The shape is concrete enough to copy. Export the last fourteen days of your calendar as iCal or paste from Google Calendar. Add a line of inbox metadata if you can: total emails sent and received per day, the three correspondents you exchanged the highest volume of messages with. Open Claude or ChatGPT, paste the lot, and prompt with something close to this:
Below is two weeks of my calendar plus inbox totals. I am the founder of a UK services firm. Read it as a time-spend audit. Surface three categories of pattern.
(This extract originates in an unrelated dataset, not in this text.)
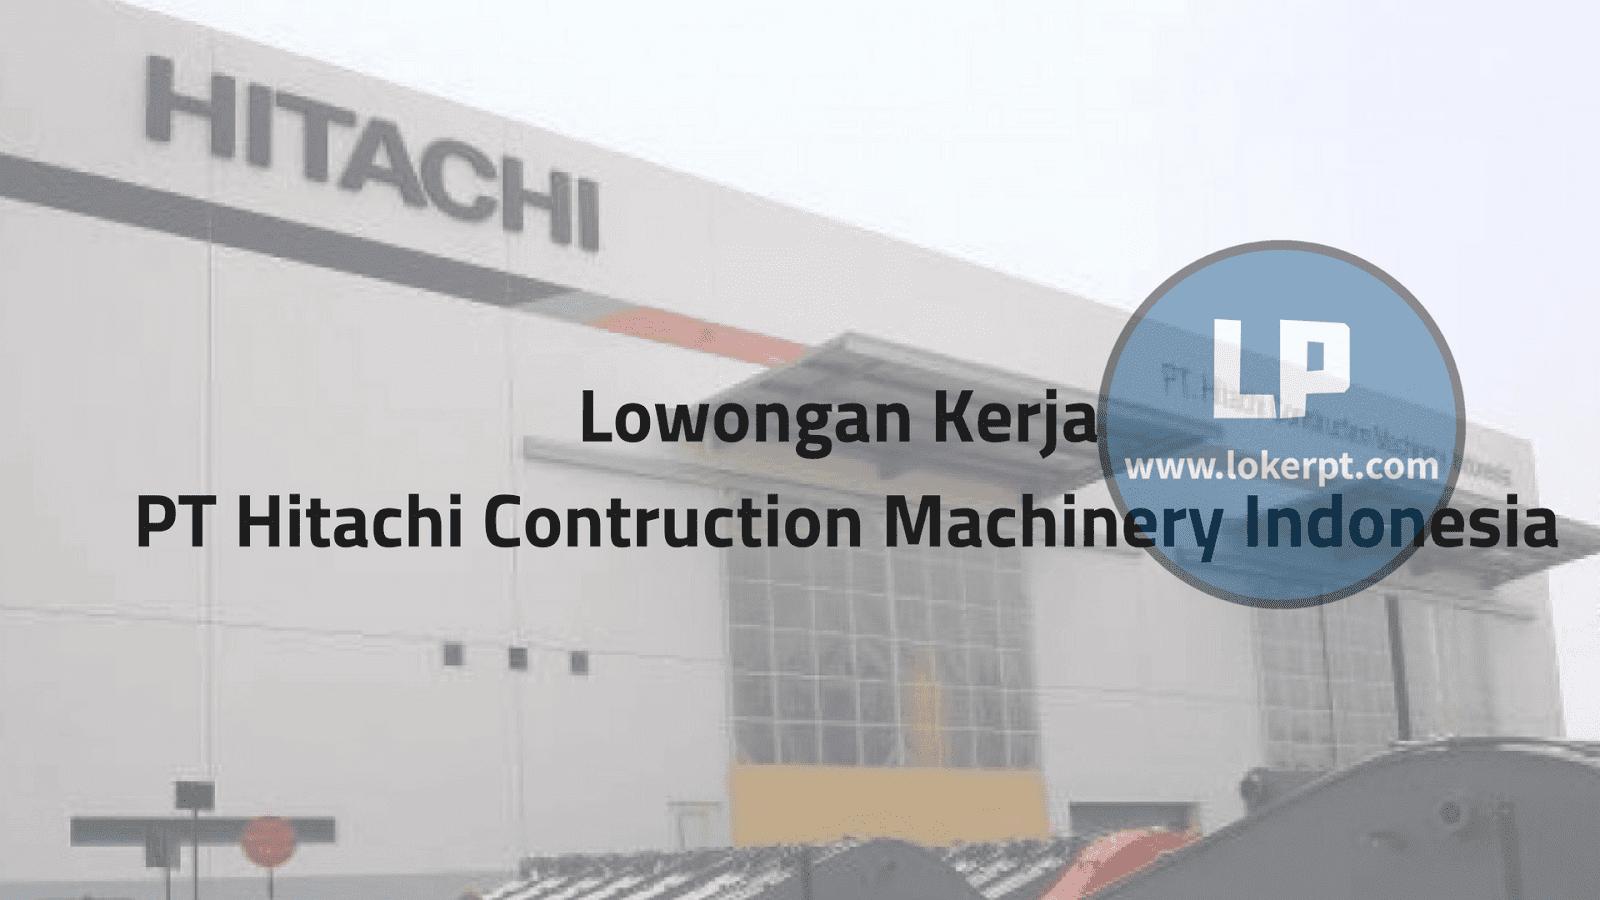 Lowongan Kerja PT Hitachi Contruction Machinery Indonesia

First, meetings or task clusters that have grown across the two weeks. Second, recurring blocks of less than 30 minutes that show up more than three times. Third, people, projects, or topics that appear in more than five separate entries. Be specific, name the entries. Do not recommend changes. Just describe what is there.
The “do not recommend changes” line matters. It stops the model defaulting into a productivity-app pitch and keeps it on the diagnostic. What comes back is a structured read of what actually happened, anchored in your real entries, that you can argue with rather than nod through.
What does the audit reliably find that you missed?
In a typical owner-operator week, three patterns recur. A meeting cluster that has crept, the pipeline review that started fortnightly and is now three forty-five-minute calls a week. A recurring half-hour interruption, the operations check-in that always overruns into the slot after. A conversation past its purpose, the project that was supposed to wrap in March and is now in fourteen calendar entries across April.
You felt all three. You could not name them because you were inside them. Once a model has put them on a page in front of you, with your own entries cited back at you, the question shifts from “do these matter” to “which of these matter to the business model and which are residue”. That is the judgement step, and it stays with you.
A useful audit also flags what it cannot read. A two-hour block labelled “deep work” is opaque to the model unless you tell it what was actually done in that block. A standing call labelled with a client codename means nothing to the model without context. The first audit usually surfaces five or six of these unreadable blocks, and the second audit, run two weeks later with better labelling, gets sharper. The labelling discipline is a side benefit. AI describes the past two weeks. You decide what is true going forward, which is the move the next post in this cluster, killing the wrong meetings, unpacks in detail.
When should you do this and how often?
Run it when you have noticed friction across two weeks but cannot name what is causing it, or quarterly as a standing diagnostic. Twenty minutes once a quarter is a low cost for a reliable read of what crept in across the last ninety days. More often than that and the audit catches natural noise rather than real drift; less often and the patterns compound into the next quarter.
After the audit, one cut per week with a four-week check-back beats a Sunday-night blitz. The blitz feels productive and resets to baseline by the second Tuesday. The one-per-week cadence holds because each cut has time to be missed (or not) before the next one is made. If a cut goes unmissed for four weeks, it was the right cut. If it bites in week two, you reverse it cheaply. The audit is the diagnostic. The cuts are the work, and the work is the founder’s, not the model’s.
Two practical add-ons make the quarterly cadence sturdier. Keep a one-line decisions log on each cut you make: the entry that came out, the date, and what you expected to feel different. Four weeks later the same model can read the log alongside your fresh calendar and tell you which cuts held, which crept back, and which need reversing on evidence rather than nerves. That feedback loop is what turns the audit from a one-off cleanse into a standing rhythm, and it is also where the founder’s judgement gets visibly better quarter over quarter.